● WHAT TO DO:
Below are the entries; count the lines in them that contain the word "with" and give only the number.

● EXTRACTED MATERIAL:
+--

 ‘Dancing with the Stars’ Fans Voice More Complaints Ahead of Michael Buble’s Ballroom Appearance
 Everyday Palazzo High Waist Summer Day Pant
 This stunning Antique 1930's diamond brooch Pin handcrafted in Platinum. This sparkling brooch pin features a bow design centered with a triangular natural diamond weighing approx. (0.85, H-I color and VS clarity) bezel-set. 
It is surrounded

+--

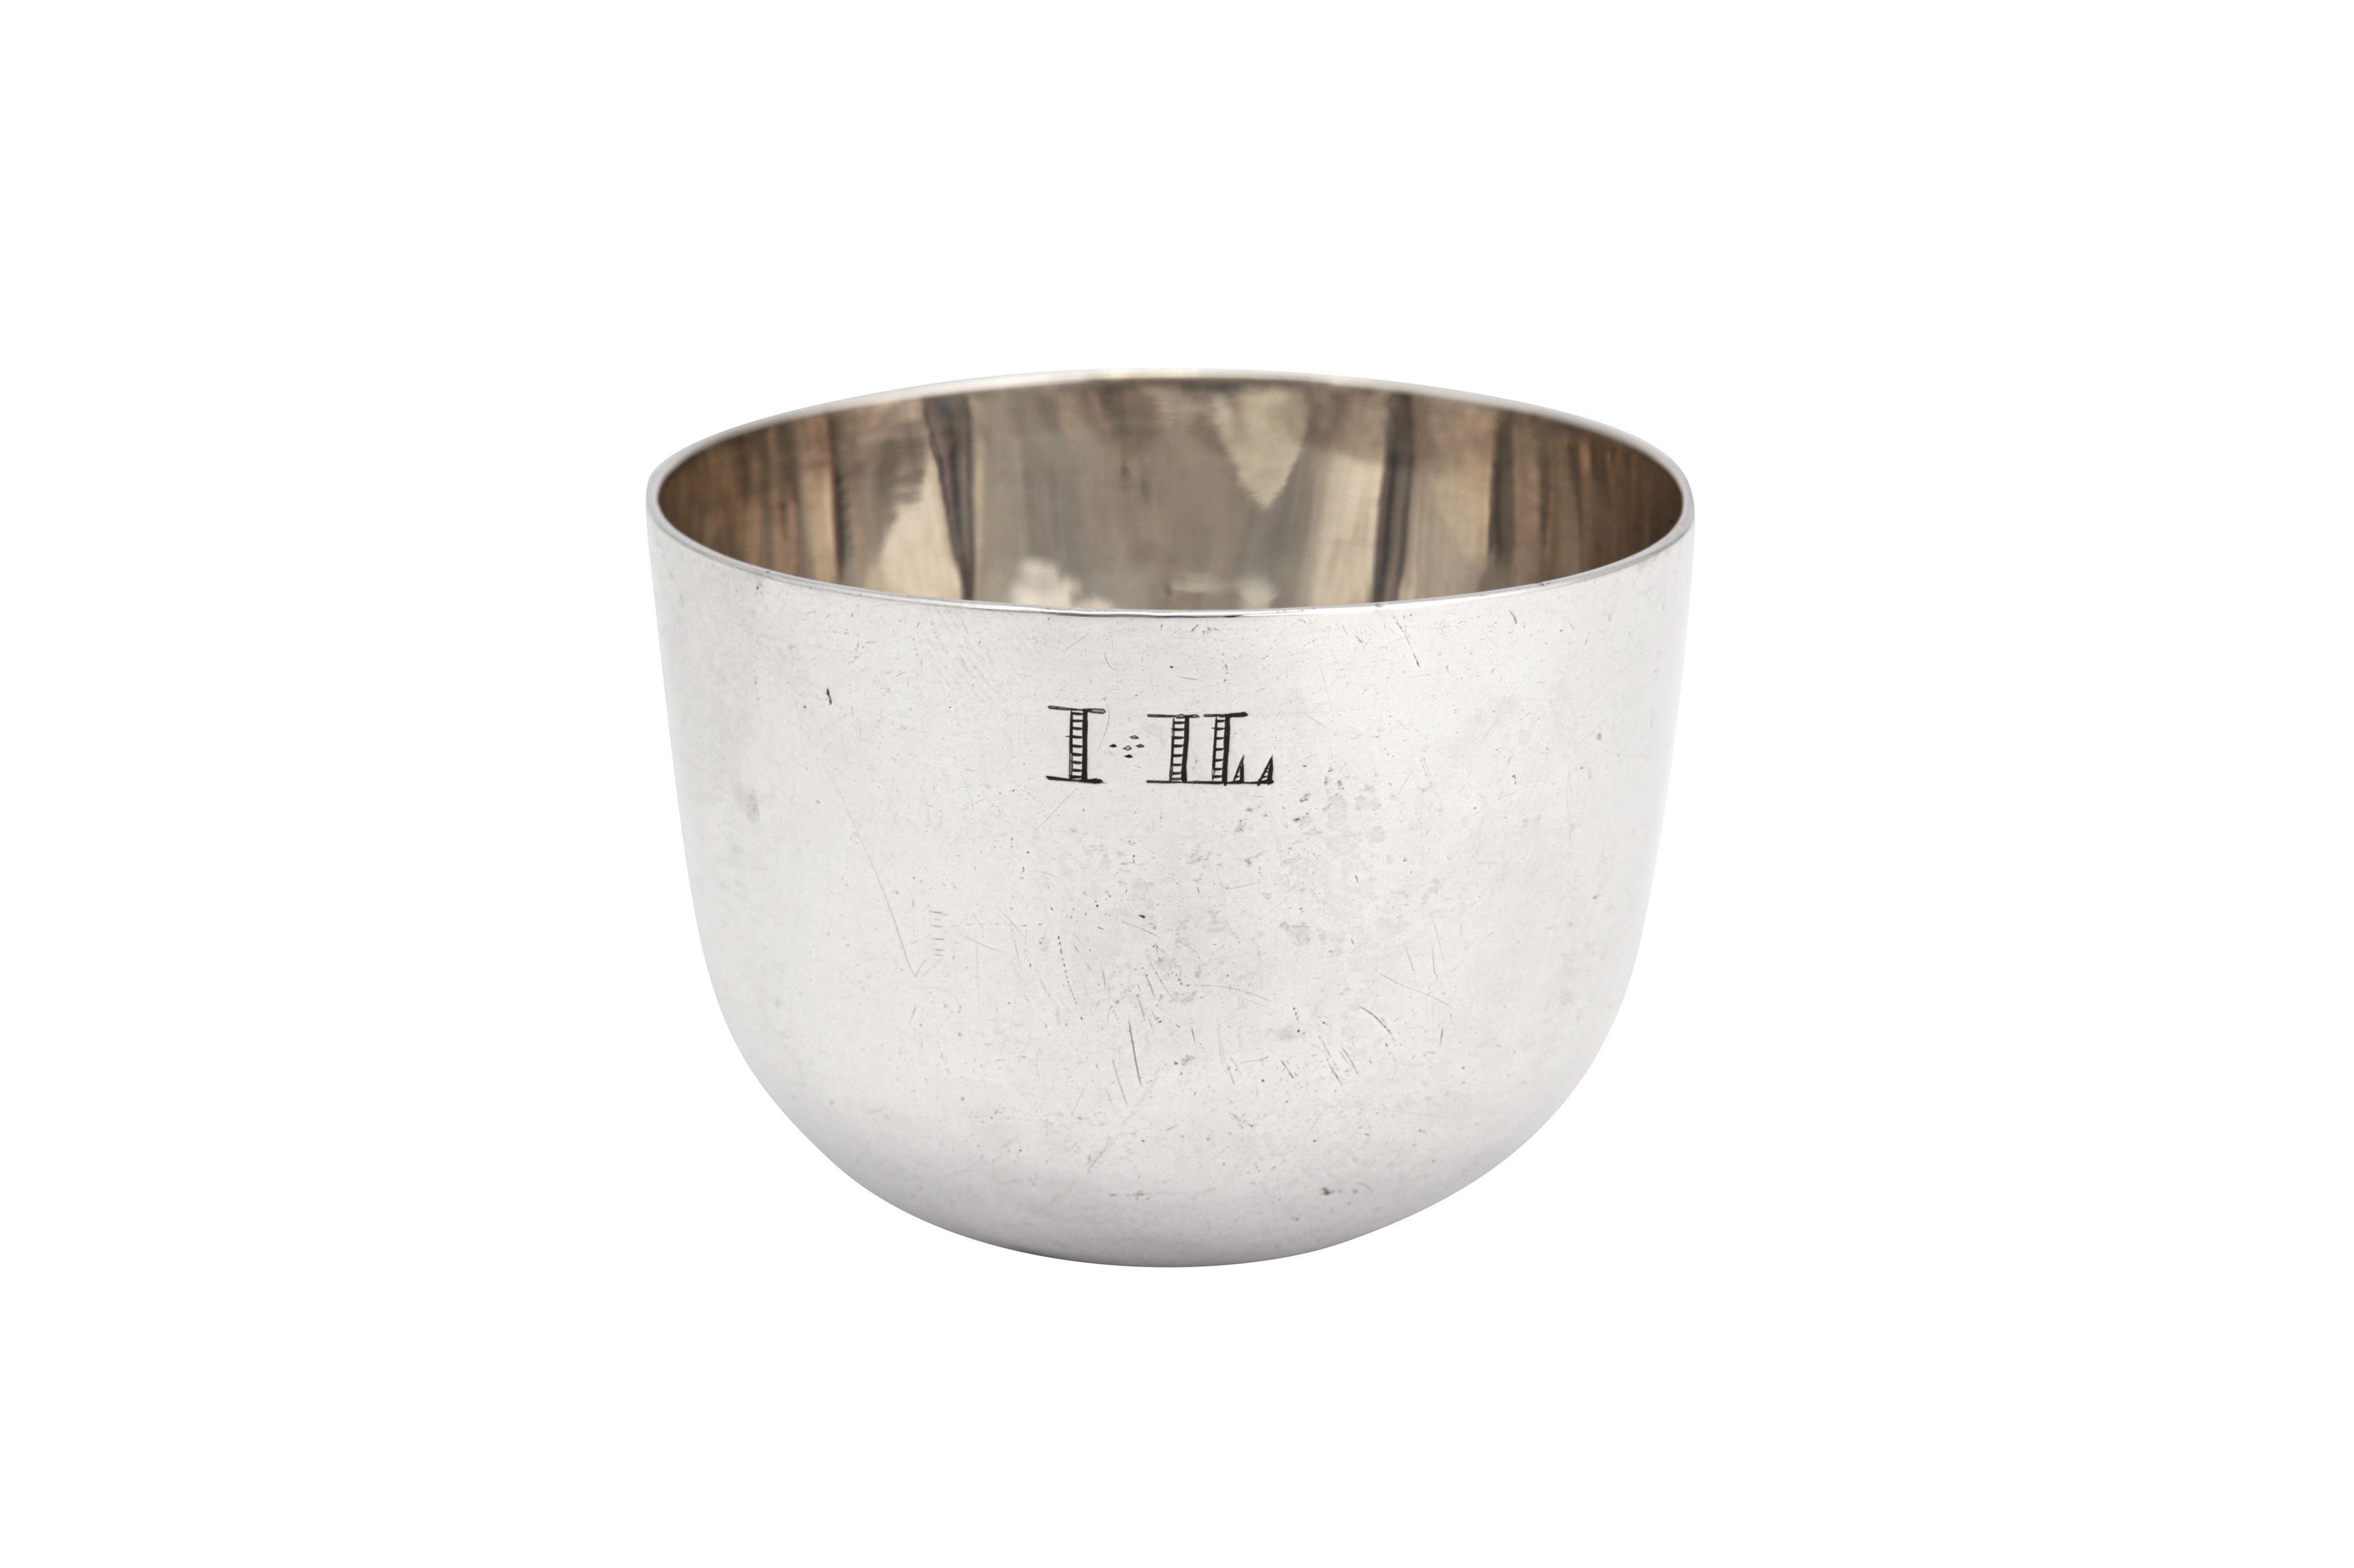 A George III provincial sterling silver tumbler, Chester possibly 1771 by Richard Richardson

+--

● TASK SOLUTION:
2